CECL Adoption
Pioneer adopted Accounting Standards Update 2016-13 “Financial Instruments – Credit Losses (Topic 326): Measurement of Credit Losses on Financial Instruments,” referred to as the current expected credit losses (CECL) accounting standard, on July 1, 2023. As a result of the day-one CECL adjustment, Pioneer recognized a $2.3 million decrease to the allowance for credit losses, a $1.6 million increase to the reserve for unfunded loan commitments, and a $507,000 increase to retained earnings, net of $180,000 in deferred income taxes, compared to the fiscal year ended June 30, 2023.
Asset Quality and Provision for Credit Losses
Non-performing assets were $12.0 million, or 0.65% of total assets, at December 31, 2023, compared to $17.7 million, or 0.96% of total assets, at June 30, 2023 and $18.5 million, or 1.01% of total assets, at December 31, 2022.
The allowance for credit losses on loans was $21.4 million at December 31, 2023 and $22.2 million at December 31, 2022, representing 1.66% and 2.08% of total loans outstanding, respectively.
Net charge-offs were $366,000 and $371,000, or an annualized 0.12% and 0.06% of average loans, respectively, for the three and six months ended December 31, 2023 compared to net recoveries of $22,000 and net charge-offs of $52,000, or an annualized (0.01%) and 0.01% of average loans, respectively, for the three and six months ended December 31, 2022.
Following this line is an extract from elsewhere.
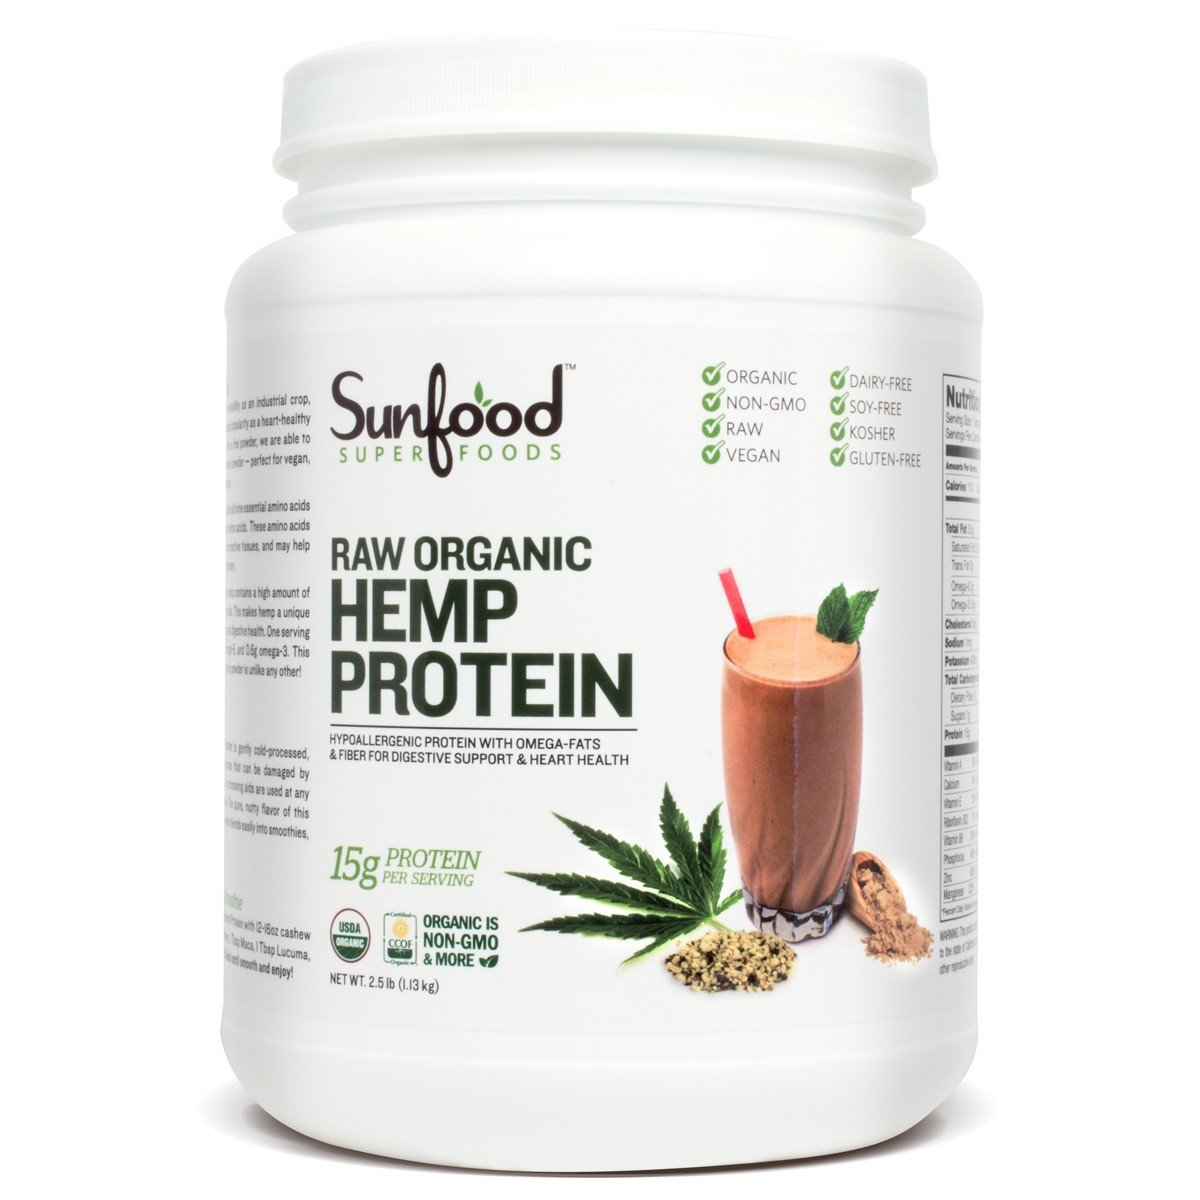 Sunfood Hemp Protein, 2.5 Pounds Tub, Organic, Raw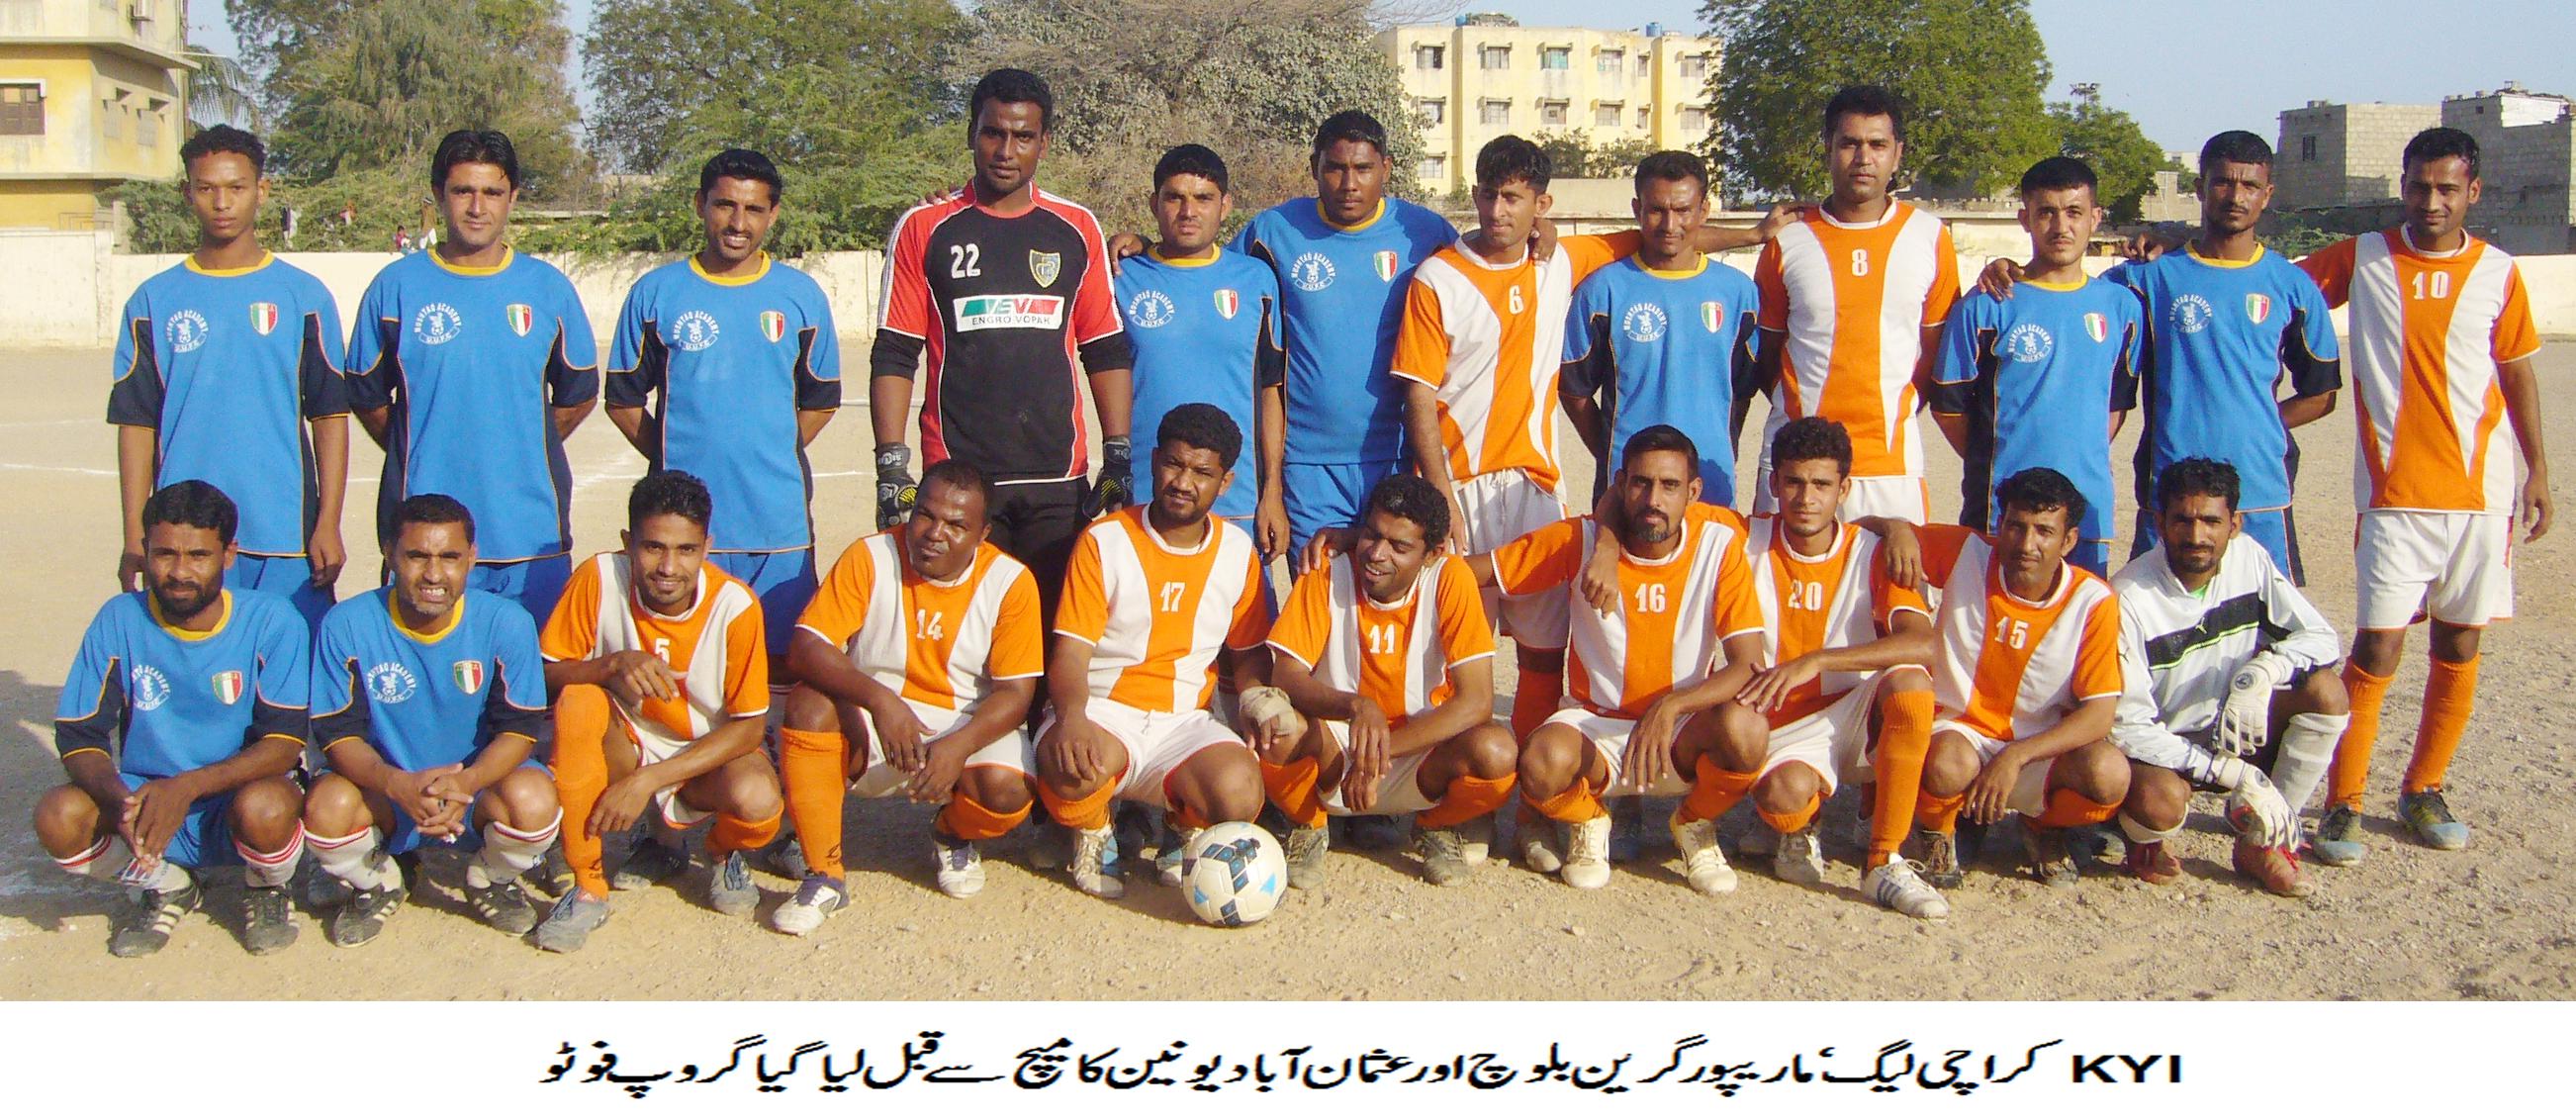 KYI COCA COLA KARACHI LEAGUE 2014: Mauripur Green Baloch thrash Usmanabad Union

The provision for credit losses was $1.1 million and $1.9 million for the three and six months ended December 31, 2023, respectively, as compared to credits to the provision of $400,000 and $280,000 for the three and six months ended December 31, 2022, respectively. The increase in the provision for credit losses for the three and six months ended December 31, 2023 was primarily due to growth in the loan portfolio.
Noninterest Income and Noninterest Expense
Noninterest income of $4.8 million for the three months ended December 31, 2023 increased $889,000, or 22.5%, as compared to $3.9 million for the three months ended December 31, 2022. Noninterest income of $8.4 million for the six months ended December 31, 2023 increased $658,000, or 8.5%, as compared to $7.8 million for the six months ended December 31, 2022. The increase during both the three and six months ended December 31, 2023 was primarily from $6.0 million of income from the previously announced settlement of litigation, and from an increase in insurance and wealth management income, offset in part by a $5.6 million loss on sale of securities available for sale, as well as a $530,000 decrease in bank-owned life insurance income during the six month period due to recognition of a death benefit in the same prior year period. The increase in insurance and wealth management services income was primarily due to the acquisition of Hudson Financial LLC which expanded Pioneer’s wealth management business into the Hudson Valley Region of New York. The loss on sale of securities available for sale was due to the previously announced balance sheet repositioning transaction in which Pioneer sold approximately $74.5 million of lower-yielding available-for-sale securities with an average book yield of approximately 0.83% and weighted average remaining life of 2.2 years. Proceeds from the sale were redeployed into interest-earning deposits with banks with an estimated average book yield of 5.40% and ultimately Pioneer intends to reinvest the proceeds into securities available for sale and loans yielding current market rates during the upcoming quarter. We estimate that the repositioning transaction will improve Pioneer’s interest income by approximately $3.4 million over the next twelve months and is designed to provide Pioneer with greater flexibility in managing balance sheet growth.
Noninterest expense of $15.8 million for the three months ended December 31, 2023 increased $2.3 million, or 17.0%, as compared to $13.5 million for the three months ended December 31, 2022. Noninterest expense of $30.2 million for the six months ended December 31, 2023 increased $4.8 million, or 19.0%, as compared to $25.4 million for the six months ended December 31, 2022. The increase during both the three and six months ended December 31, 2023 was primarily due to an increase in professional fees of $1.7 million and $3.6 million, respectively, as well as an increase in salaries and employee benefits expense and an increase in data processing expense. Professional fees increased due to legal fees and expenses. Salaries and employee benefits expense increased due to compensation expense from annual merit increases. Data processing expense increased due to an increase in online, mobile and other banking transaction volumes.